And then, Sandra, maybe updated views in terms of other sources of funding in the debt market, cash market. You obviously talked about early in the call the appetite for more capital deployment. Just -- how do you see those markets right now? Could you be able to access them right now? Does that give you any pause for the market volatility to settle down?
So yes, when we're looking at the financing on the debt side, as we've signaled, we do have a [pref] redemption that is coming up. And we've under -- we've hedged the underlying on that and feel that we could look to upsize that if we needed to increase our debt. Also feel we could access the equity market if we were to do another transaction that was a larger size. So, I feel that both markets are well open to us at this point in time on the back of a transaction. So, I feel that we've got a fair bit of flexibility.
And given our cash flow this year and going into next year, also have timing around -- or flexibility around timing of doing any kind of an offering to make sure that we're able to take advantage of constructive windows to execute on any deals that we do.
Okay. And then just last one for me, just on Goreway. You mentioned in the sort of slides about some upside you're seeing there. If the market is tight, as you expect it to be in Ontario, how big of an impact that is that for Goreway either into your gas assets, on the existing contracts? And then, I guess, how has Goreway done relative to your sort of base case underwriting scenario when you guys acquired the asset a couple of years ago?
So starting with the last question first.

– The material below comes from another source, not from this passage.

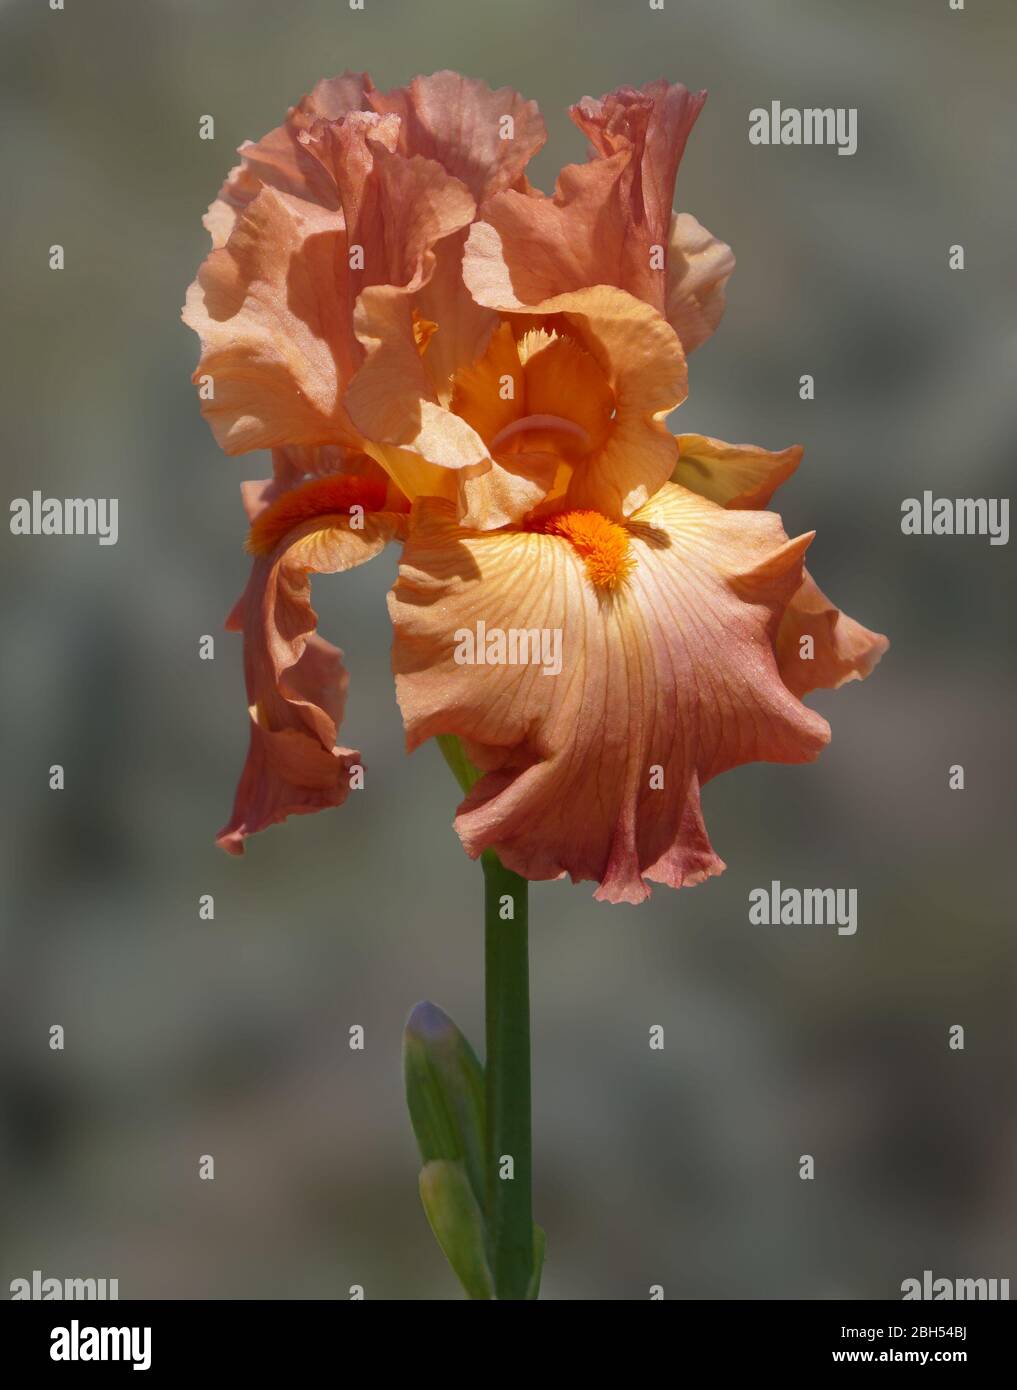 Primer plano de una flor de iris con pétalos de naranja y una barba naranja brillante. Foto de stock

Goreway has done very well relative to our expectation. And today, as you're seeing in our results, it's being dispatched more, which illustrates its value to the IESO in terms of the Ontario power situation. So, the degree to which we think the developments in Ontario will impact on our assets, just to maybe make a short story long, what's occurring is -- therefore seeing a shortage of 2,500 megawatts by 2025, that the IESO and the government are in agreement that they need to fill. And there's a couple of different alternatives.
Obviously, there's expanding some natural gas at existing sites. There's upgrades at existing facilities, and there's also batteries. And so, they'll be looking at different opportunities at different sites to enable filling that 2,500 megawatts. And we believe we are extremely well-positioned. They've identified 2 zones in particular that are problematic.
One is called the West Zone, which is where East Windsor is, and then the other two are in the Toronto region -- or the other issue is in the Toronto region, and that's where Goreway and York are. So, we see significant opportunities at all our 3 sites, and have been actively pursuing them. In fact, we started the environmental process for permitting different alternatives back this spring, is a very real opportunity for us, and we're pursuing it very vigorously.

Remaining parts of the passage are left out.